* [Recorded information]:

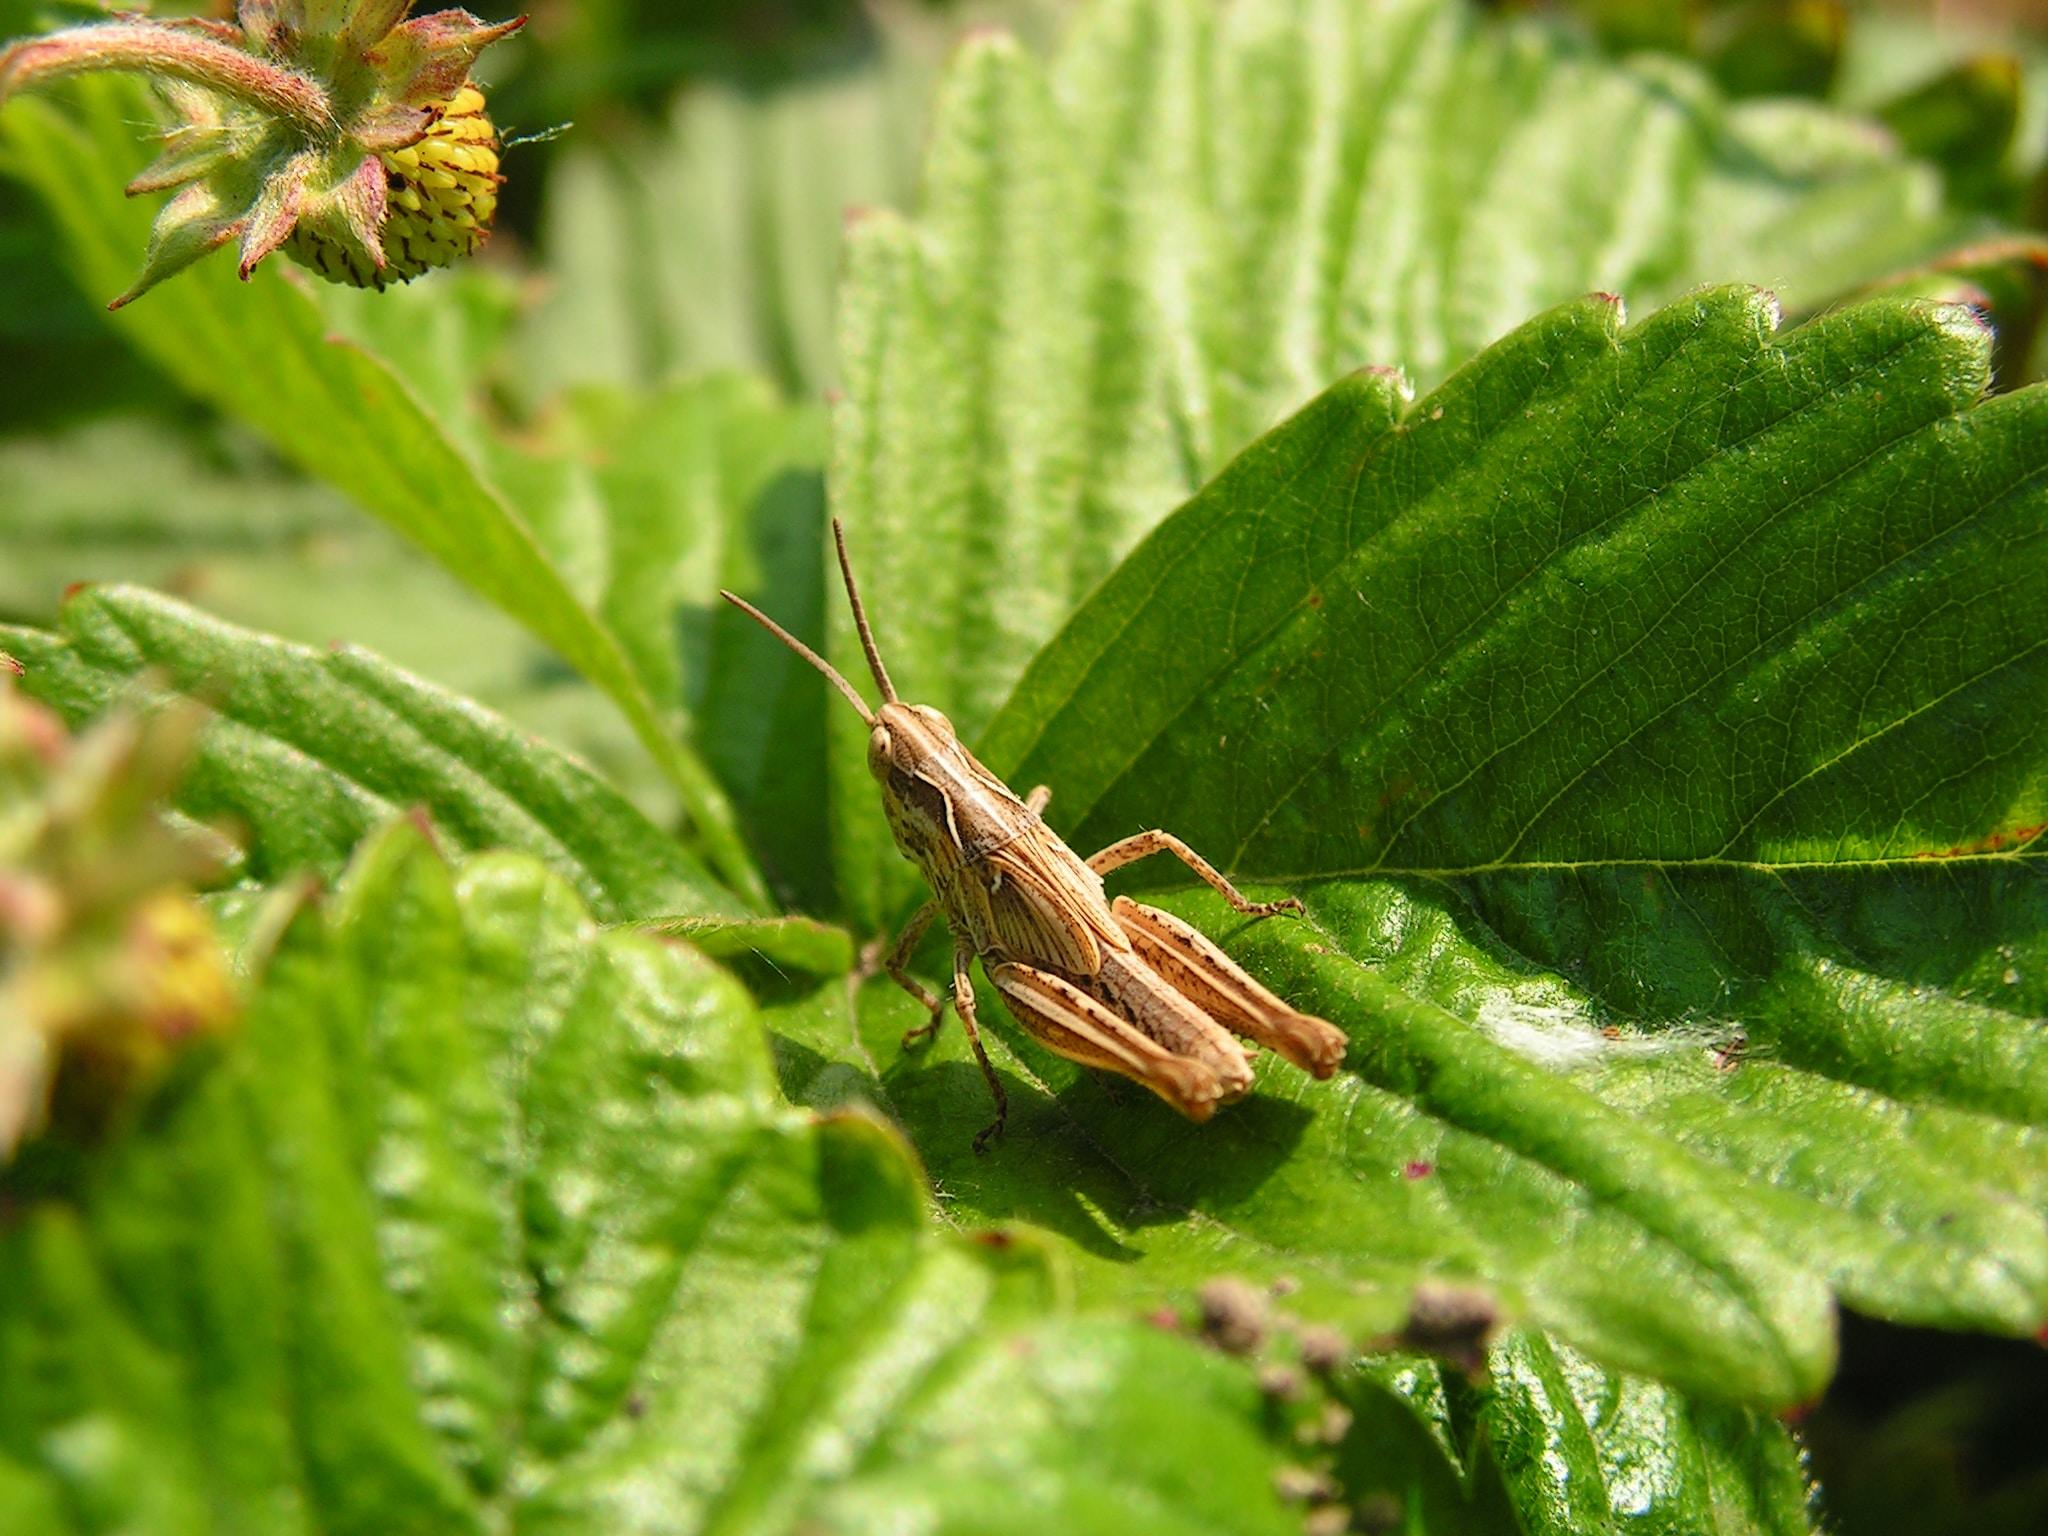 Q Steer Grasshopper Grasshopper Pictures |...
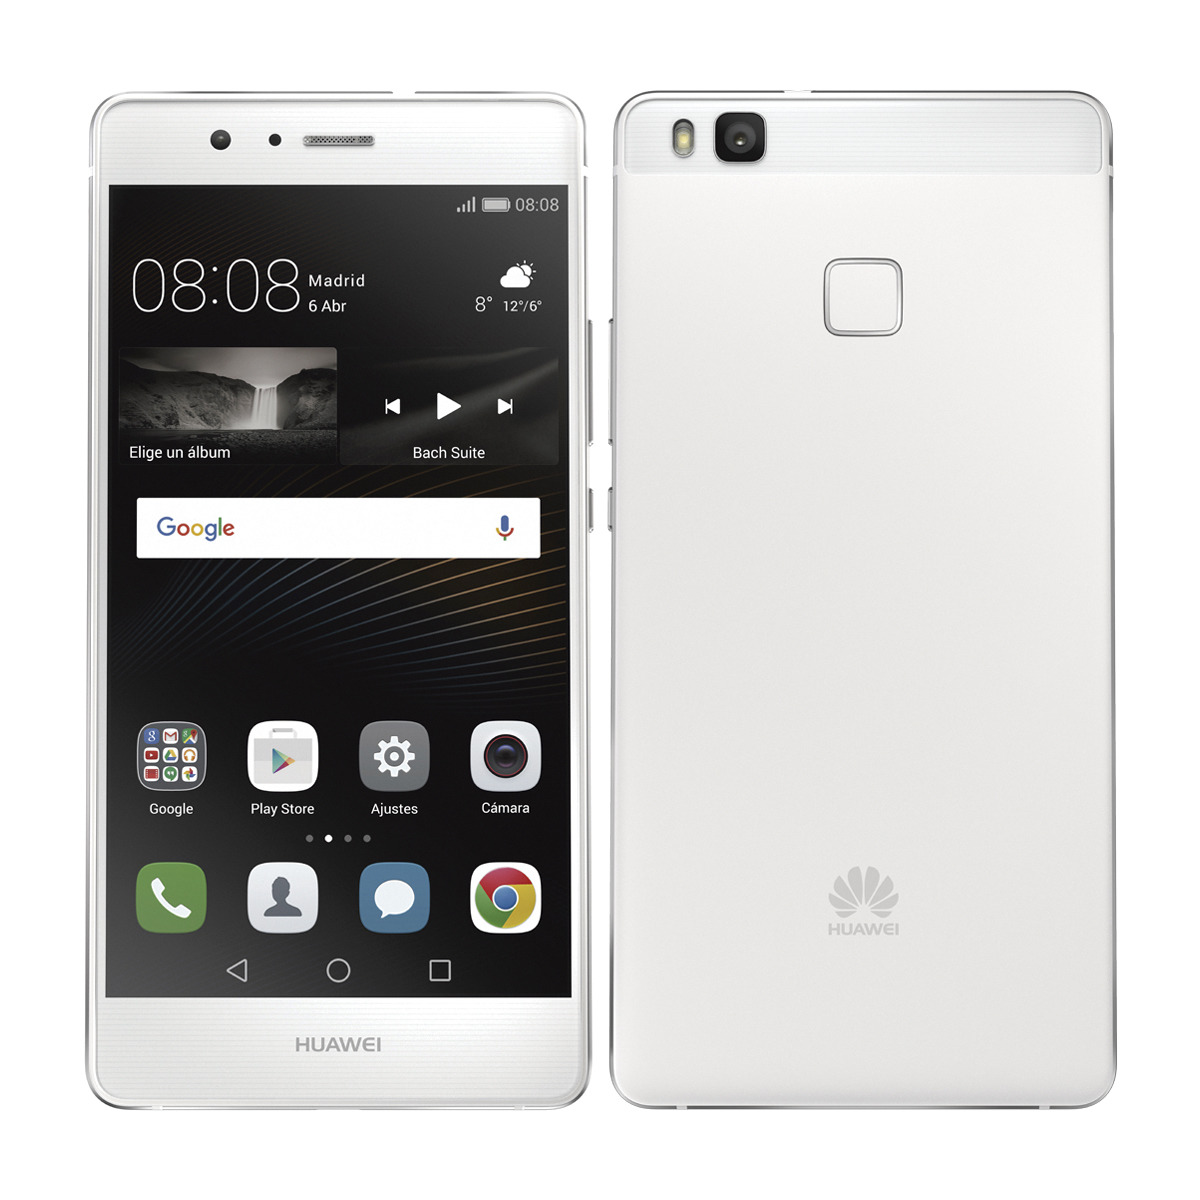 c80c7e84e2e Huawei P9 Lite libre, precio, características, análisis en Español, barato,  vs P9, vs P8 Lite, alternativas – Comprar Móviles YA!
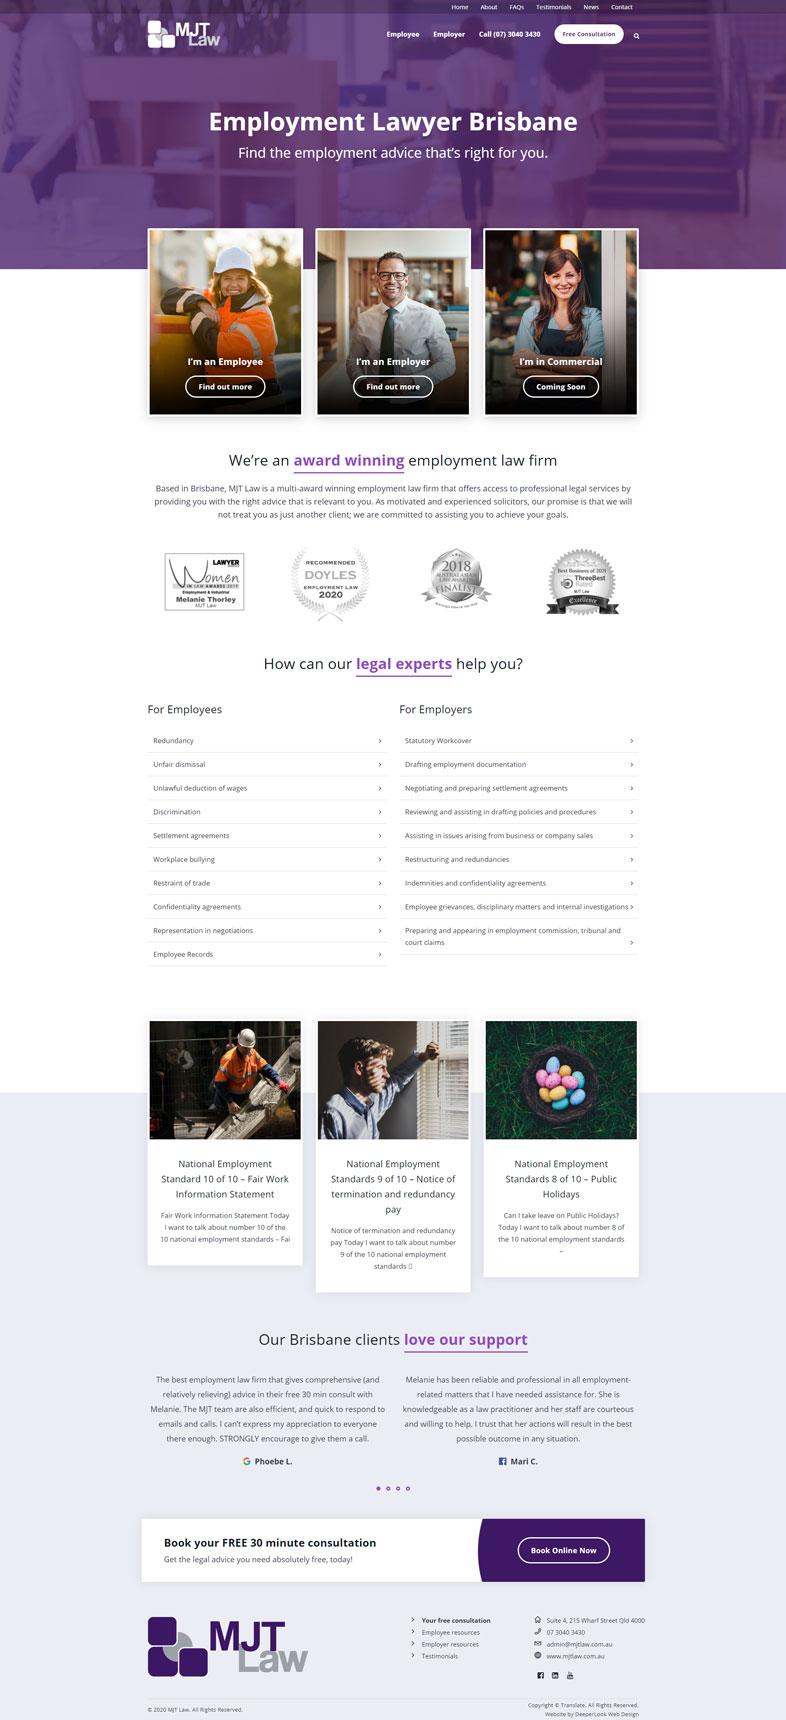 MJT Law's website design of the homepage

* [What to work on]: From the first line to the last, retype the material exactly and exclude the pictures.

* [Written solution]:
 Q Steer Grasshopper Grasshopper Pictures |...
 c80c7e84e2e Huawei P9 Lite libre, precio, características, análisis en Español, barato,  vs P9, vs P8 Lite, alternativas – Comprar Móviles YA!
 MJT Law's website design of the homepage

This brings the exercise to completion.